• [Supplied data]:

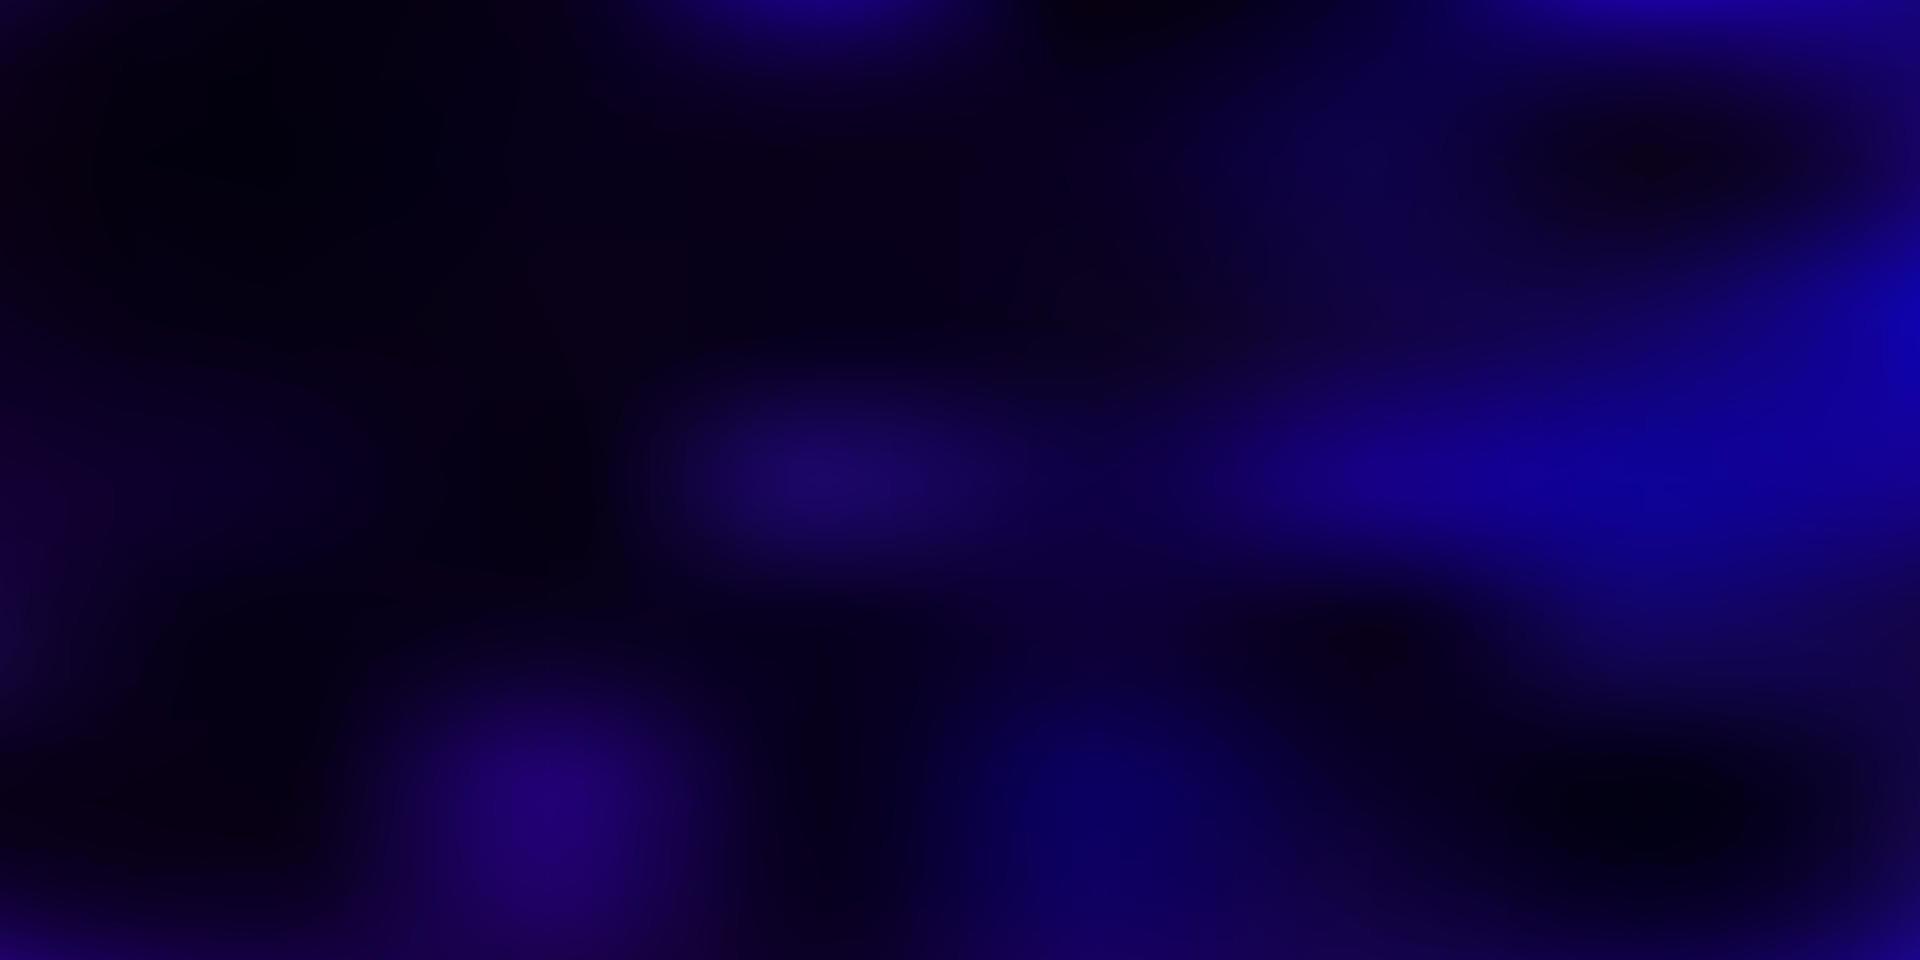 Dark purple vector gradient blur background.
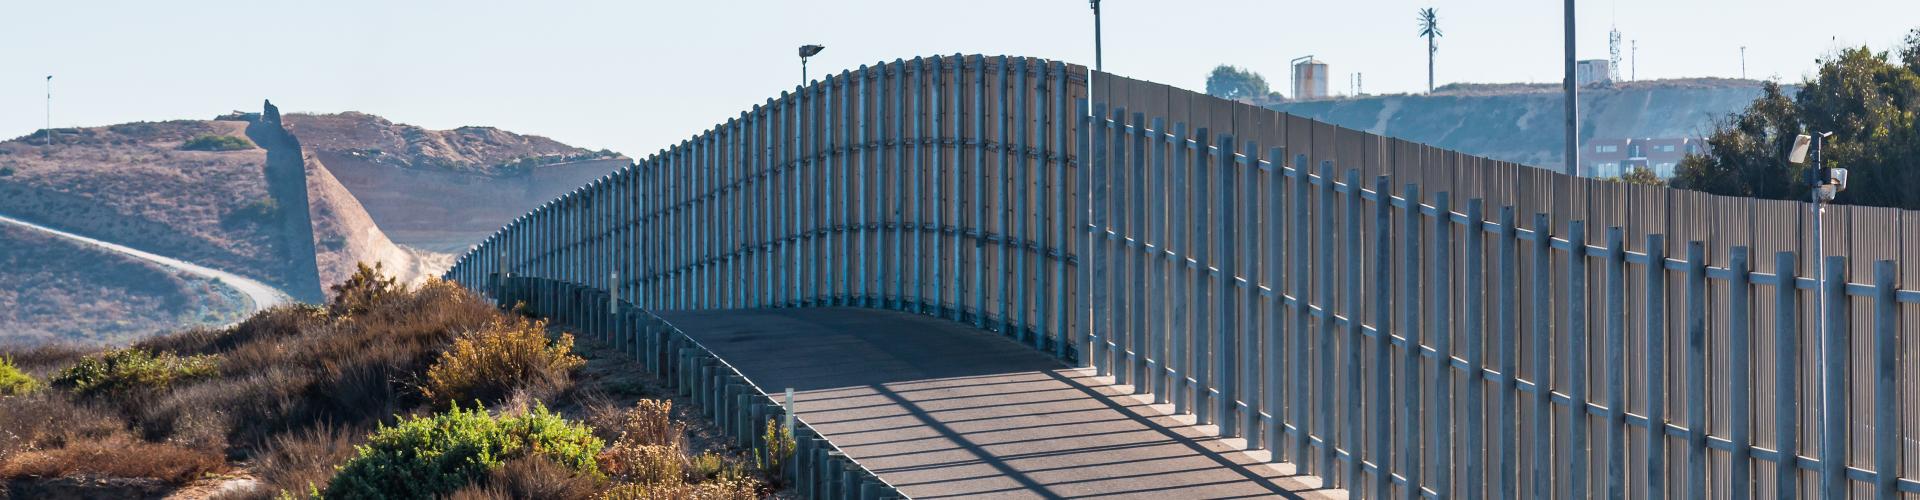 Border protection at wall
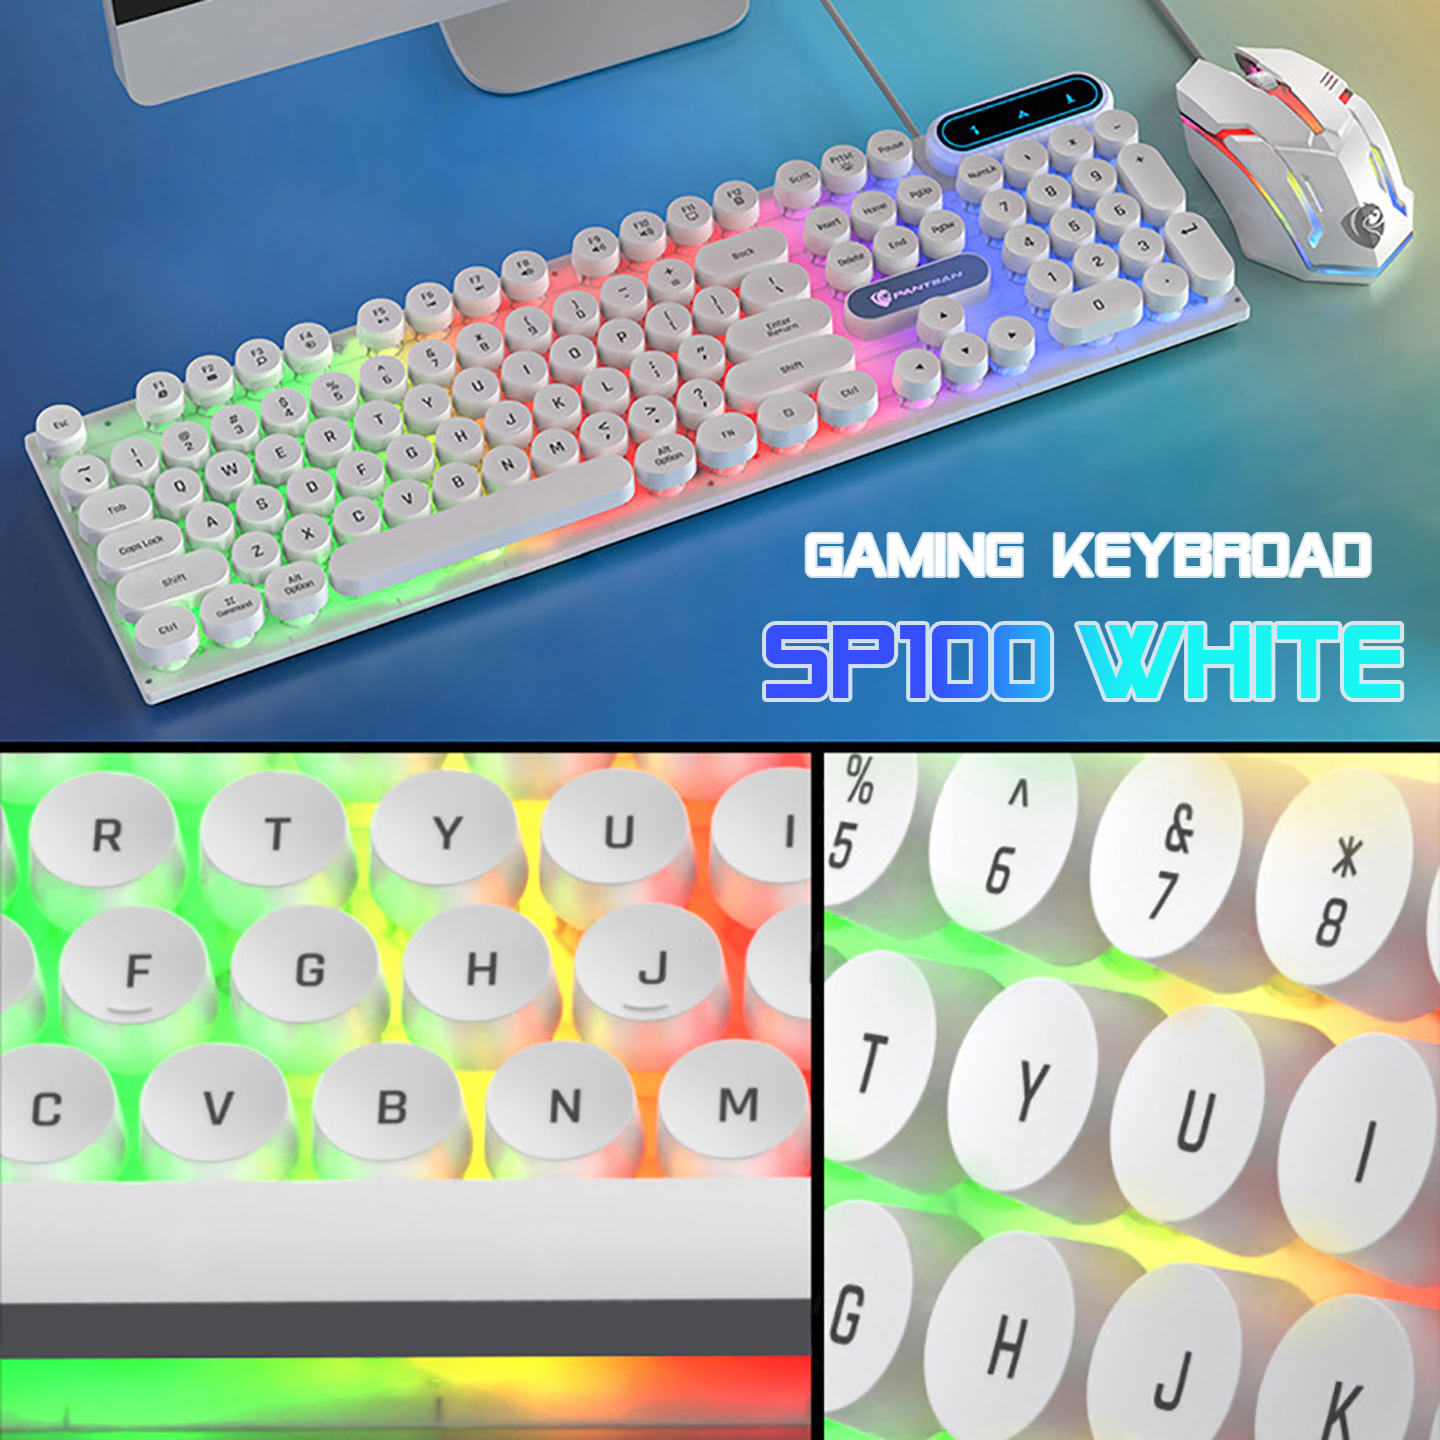 Bàn phím máy tính gaming giả cơ Sidotech SP100 thiết kế bàn phím nút tròn có Led RGB, cấu tạo công thái học cho cảm giác gõ chân thực, chống nước tiêu chuẩn, chuyên chơi game và làm việc văn phòng - Hàng chính hãng

• [What the task requires]:
Starting at the line that contains "Border protection at wall" and ending with the last line of the data, transcribe every line exactly; skip the pictures.

• [Answer area]:
 Border protection at wall
 Bàn phím máy tính gaming giả cơ Sidotech SP100 thiết kế bàn phím nút tròn có Led RGB, cấu tạo công thái học cho cảm giác gõ chân thực, chống nước tiêu chuẩn, chuyên chơi game và làm việc văn phòng - Hàng chính hãng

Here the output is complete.